Would this disappearance (or submergence below the awareness level) of programming skills be a bad thing? Not really. Technological progress has rendered many jobs obsolete over the centuries and humanity has coped very well.

Also, there would still be a need for people having extremely high levels of programming ability, just as there are professions that need extremely high levels of writing/communication ability - think copywriters or diplomats. The folks who focus on algorithms and networks and compilers and other 'deep programming' would probably survive just fine.

Of course the writing analogy can't be stretched too far. Documents are created by one person or a few people at most, over fairly short periods of time. Most significant programming projects involve large groups of people working on the same codebase for significant amounts of time, sometimes decades. The main challenges (as measured in terms of completion and impact of the project) are about people issues - how to hire them, how to retain them, how to make them work together.

And this organizational difficulty of managing large groups of people and getting them to build something coherent is the space in which, at present, many snake oil vendors (think "lean " or agile") thrive. The presence of snake oil is often an indicator of a fundamental and intractable problem. So even if a large number of people knew how to program, the organizational aspects will need hands on resolution. Thus the "project manager" type person would be alive and well. The VB/j2ee/dotNet folks are the ones who'd disappear.

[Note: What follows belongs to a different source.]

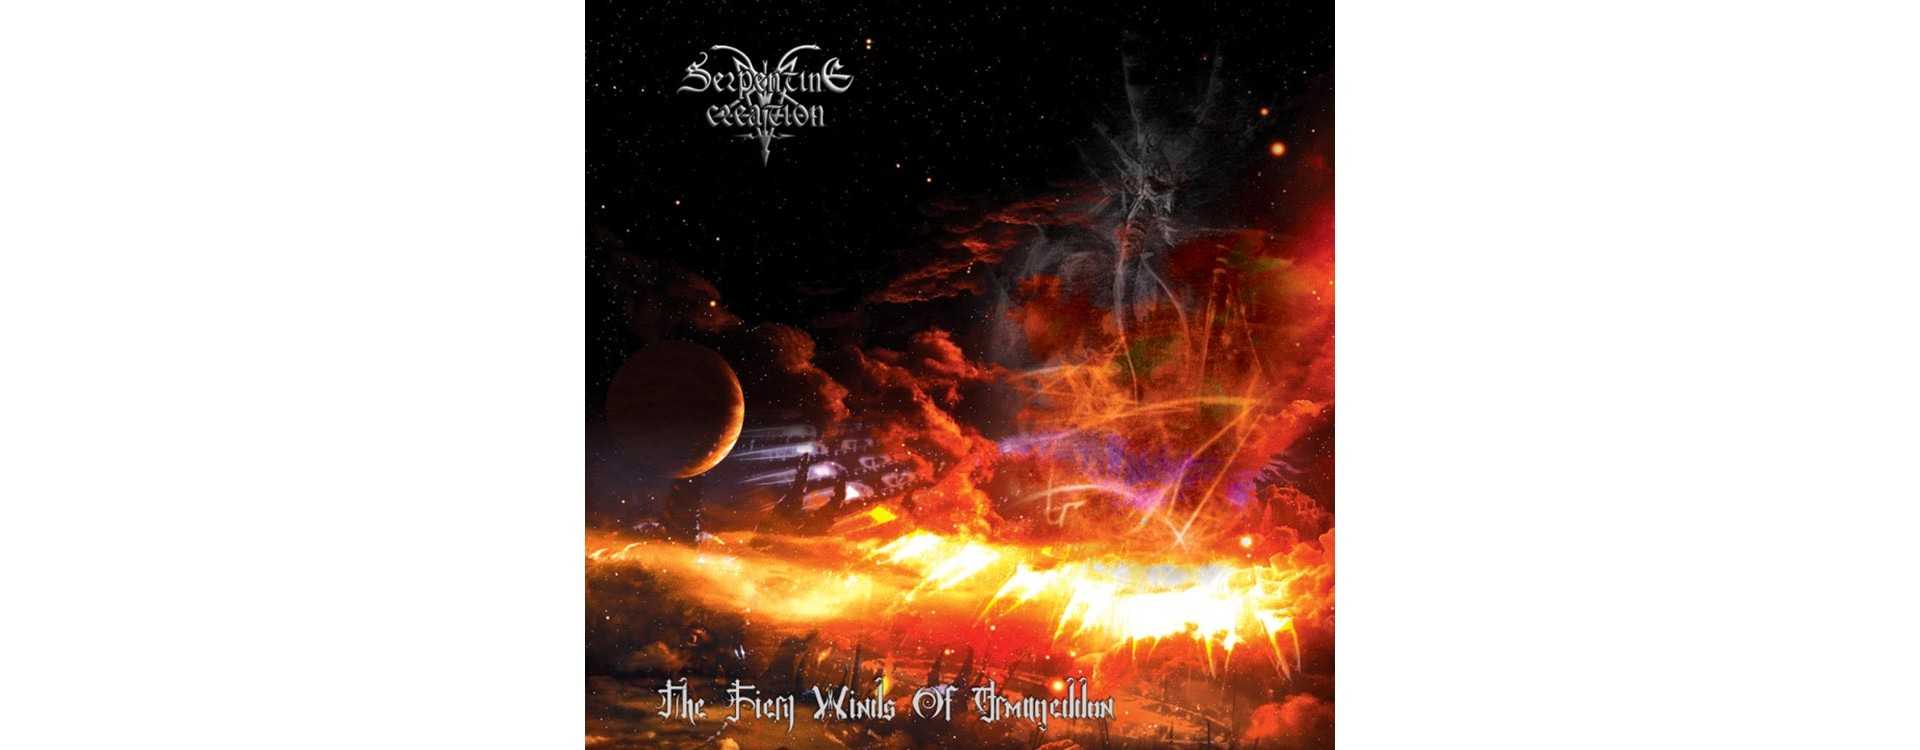 SERPENTINE CREATION - The Fiery Winds of Armageddon . CD

But is the "manager dude" the only evolutionary path available to code jocks? I think not. For example, the world of science and engineering (modulo software "engineering") would still be open. Yes, there would need to be a lot of study - mathematics and statistics and the sciences and particular engineering domains - you won't be able to grab a book called "Java X.Y in 24 hours" and get a well paying job. People wouldn't be able to make money doing the equivalent of writing other people's letters for them. But I suspect there will be a lot of fascinating problems to solve, even in our imaginary world.

Even in a world where everyone codes, the "path of the suit" would still remain the Dark Side. You would still need to think long and hard and try to balance gain and loss before setting out on that path.